As was expected, a dominant folding scenario for all studied systems is a three-state folding (i.e., WT and all mutants fold through an intermediate state). An illustrative FEL along the first two PCs, μ(q1,q2)=kBTlnP(q1,q2), of one of the mutants, L26D at 305 K, is plotted in Fig. 1A, in which three states (unfolded, intermediate, and native) can be identified. The representative structures of the states indicate that the L26D mutant in this particular trajectory folds through the first, most dominant pathway. Similar FELs but with different representative structures of intermediate states, in which the second hairpin is formed, are characteristic for the MD trajectories, in which the systems fold through the second type pathway (not shown).

The analyses of the MD trajectories, in which the WT and mutants fold through the third type of pathway (both hairpins form simultaneously), show that only two mutants, L26D and L26W, exhibit two-state and downhill folding scenarios. In particular, L26D at 315 K can undergo both a two-state (Fig. 1D) and downhill folding (Fig. 1G), and L26W at 310 K can fold through the downhill folding scenario (Fig. 1J). The representative structure of the unfolded state in Fig. 1D (two-state folding) is not a typical unfolded structure. It is a mixture of representative structures of intermediate and unfolded states with partially formed hairpin 1. In the FEL, in which L26D undergoes downhill folding (Fig. 1G), two minima can be identified, with native and native-like representative structures; however, both minima are located in the native basin, and the barrier between them is <0.3 kcal/mol. Therefore, we consider it as downhill folding. The rest of the trajectories of WT and L26W, in which both hairpins formed simultaneously, did not exhibit two-state or downhill folding, because the rmsd (unlike PCA) was unable to capture a subtle behavior of one of the hairpins inducing an intermediate state (13).
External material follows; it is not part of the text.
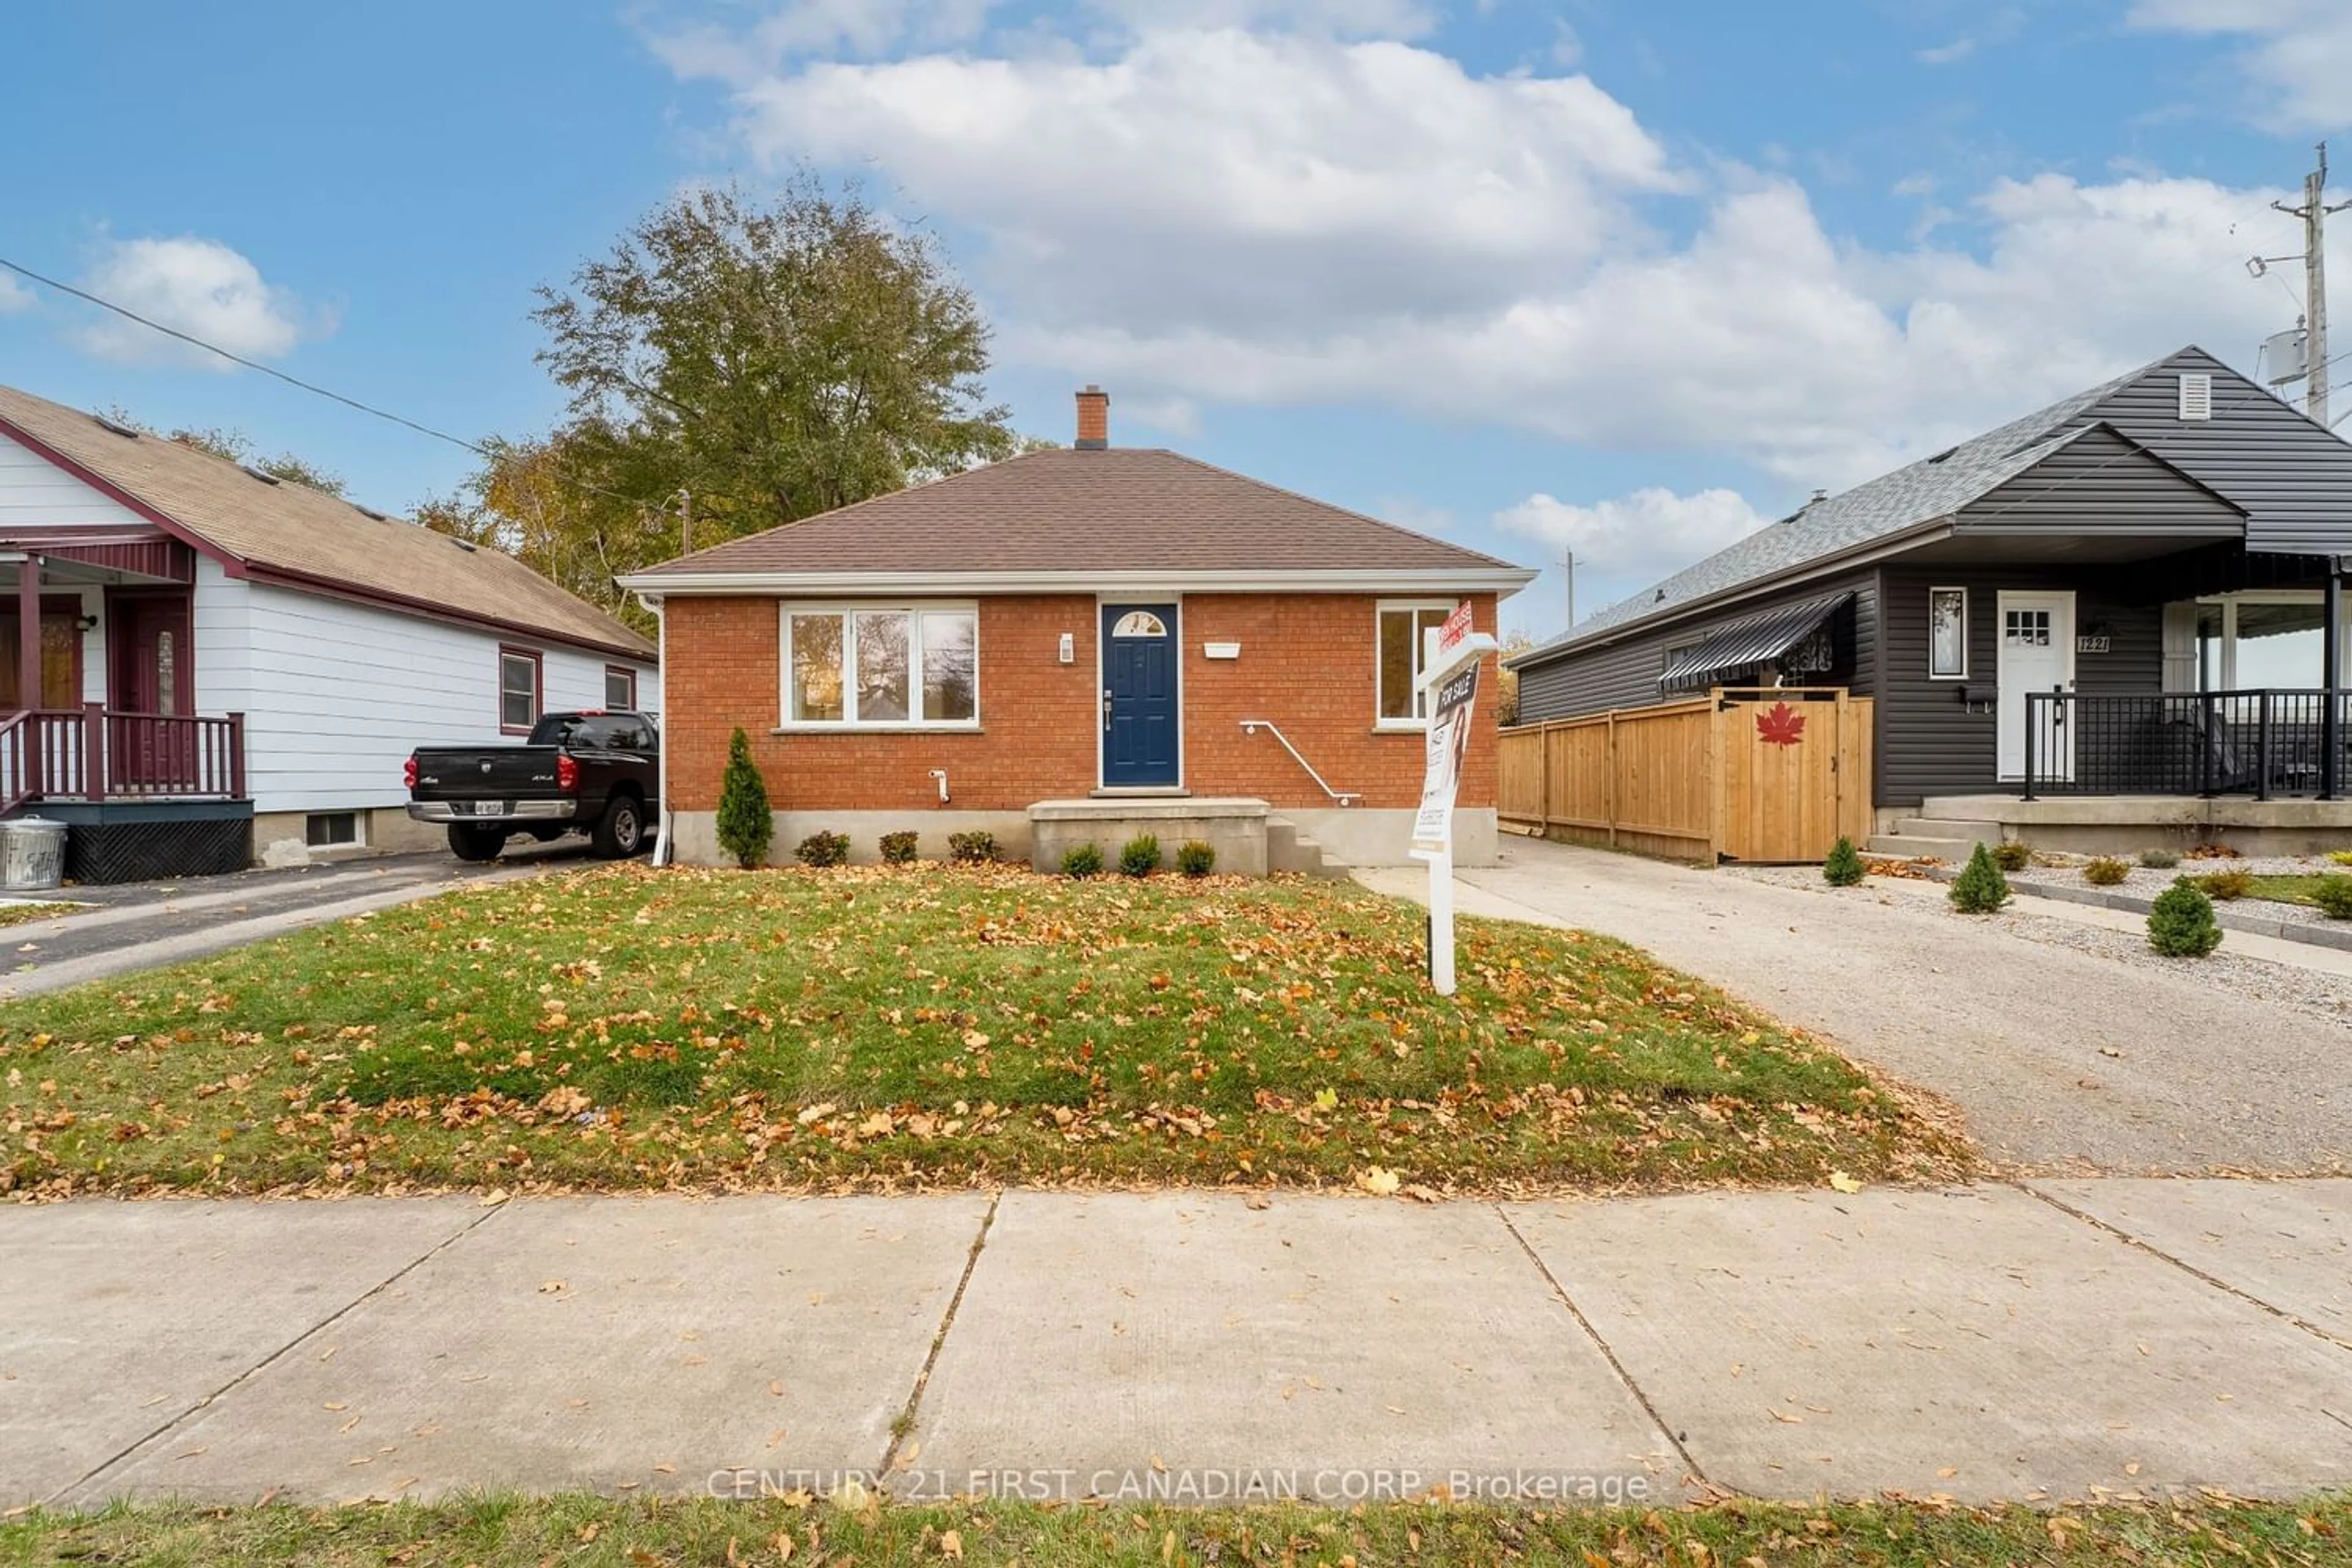 Frontside or backside of a home for 1223 Langmuir Ave, London Ontario N5W 2E9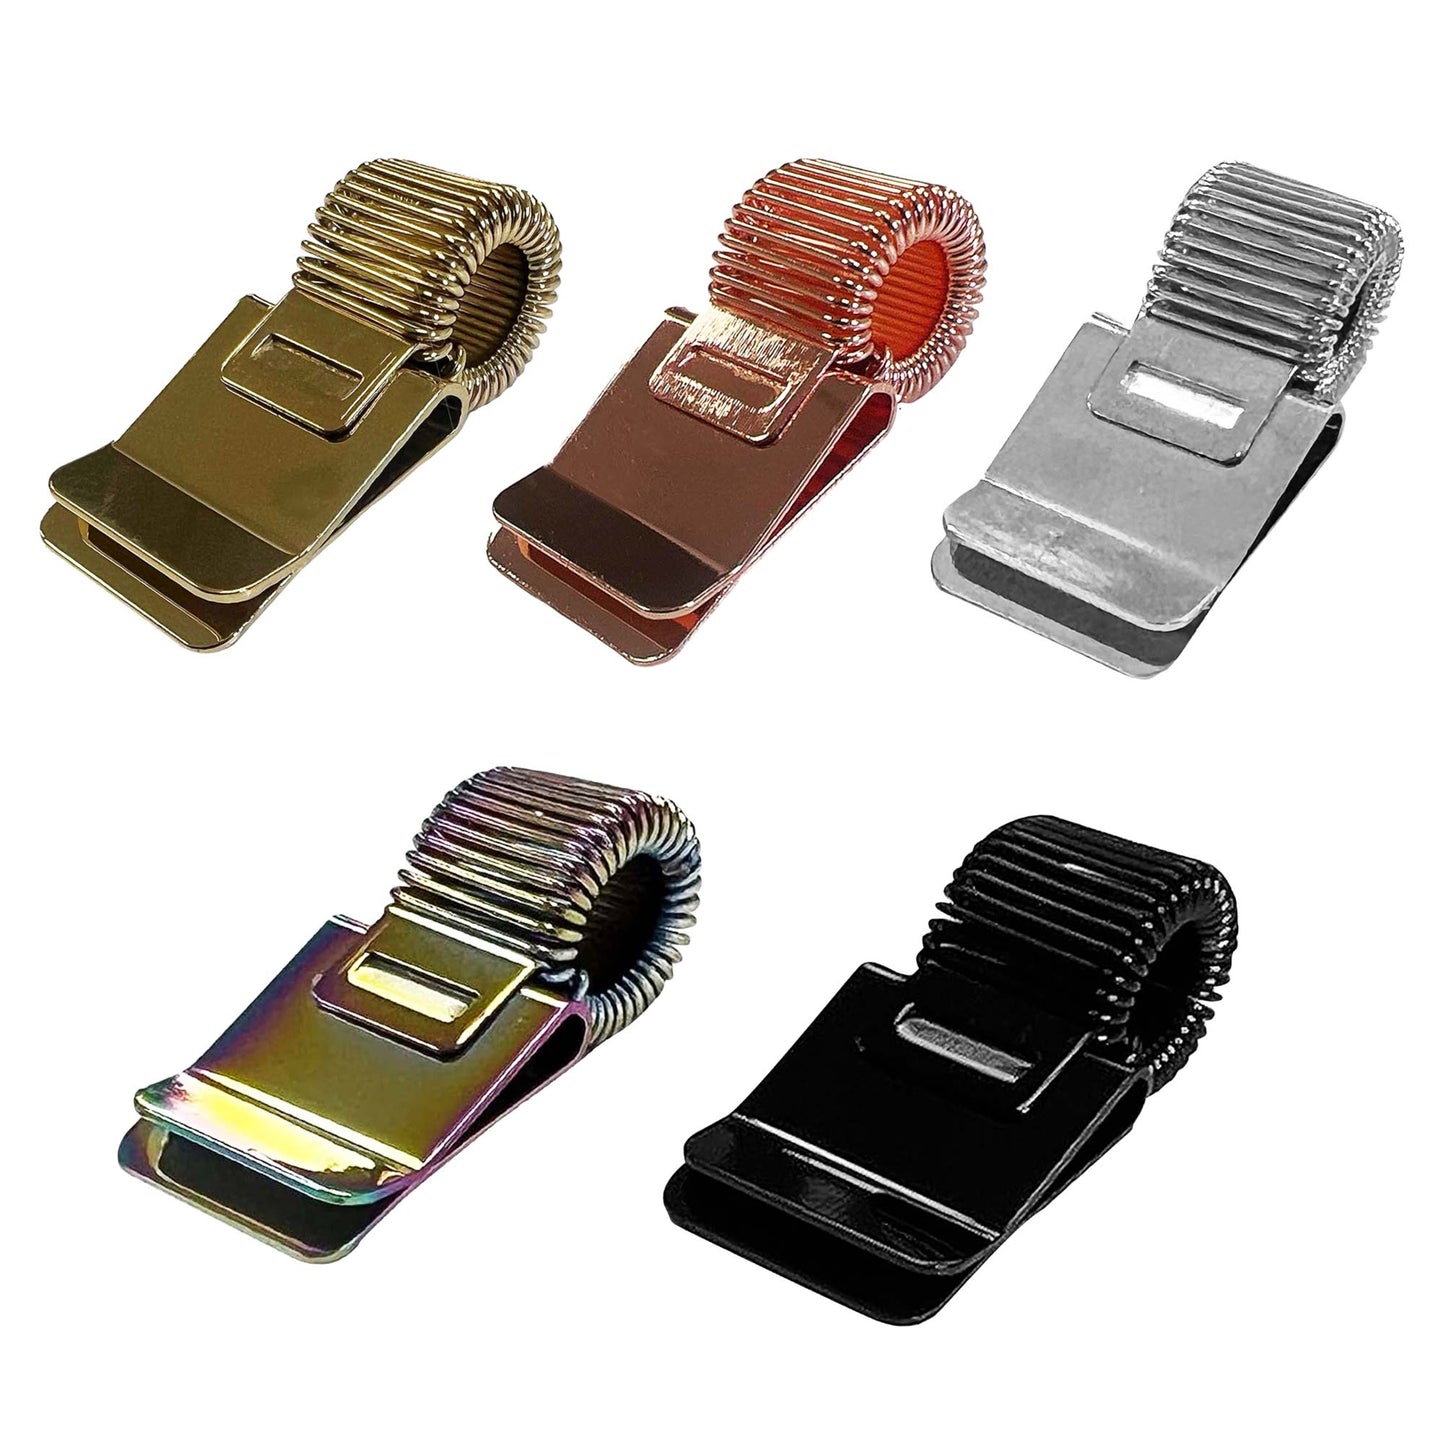 Pack of 5 Metal Pen Holder Clips for Notebooks and Clipboards

Apart from the FELs, we have calculated the contributions of the two main principal modes [solid lines with filled (principal mode 1) and empty (principal mode 2) circles in Fig. 1] to the MSFs along the θ- (Fig. 1 B, E, H, and K) and γ-angles (Fig. 1 C, F, I, and L) and the percentages of the total fluctuations captured by the PCs (Fig. 1M) for the three-state, two-state, and downhill folding trajectories.

The main contributions to the fluctuations in a three-state folding trajectory come from all three β-strands and the second turn (Fig. 1 B and C). These results are in agreement with our earlier results on WT FBP28 (15). The main contributions to the fluctuations in a two-state folding trajectory come from the N terminus, the third β-strand, and the second turn (Fig. 1 E and F). There is no contribution from the first β-strand and the first turn, and there are minimal contributions from the middle β-strand, which indicate that the largest part of hairpin 1 forms very fast. These results explain why the representative structure of the unfolded state in a two-state folding trajectory (Fig. 1D) differs from a typical unfolded structure. Contributions to the fluctuations in downhill folding trajectories of L26D (Fig. 1 H and I) and L26W (Fig. 1 K and L) are almost identical (i.e., they come from the N terminus, the first β-strand, and the first turn). There is no contribution from the second turn, and there are some minor contributions from the third β-strand, the main “players” in the emergence of the intermediate state, which explains why L26D and L26W fold through the downhill folding scenario (i.e., without an intermediate state).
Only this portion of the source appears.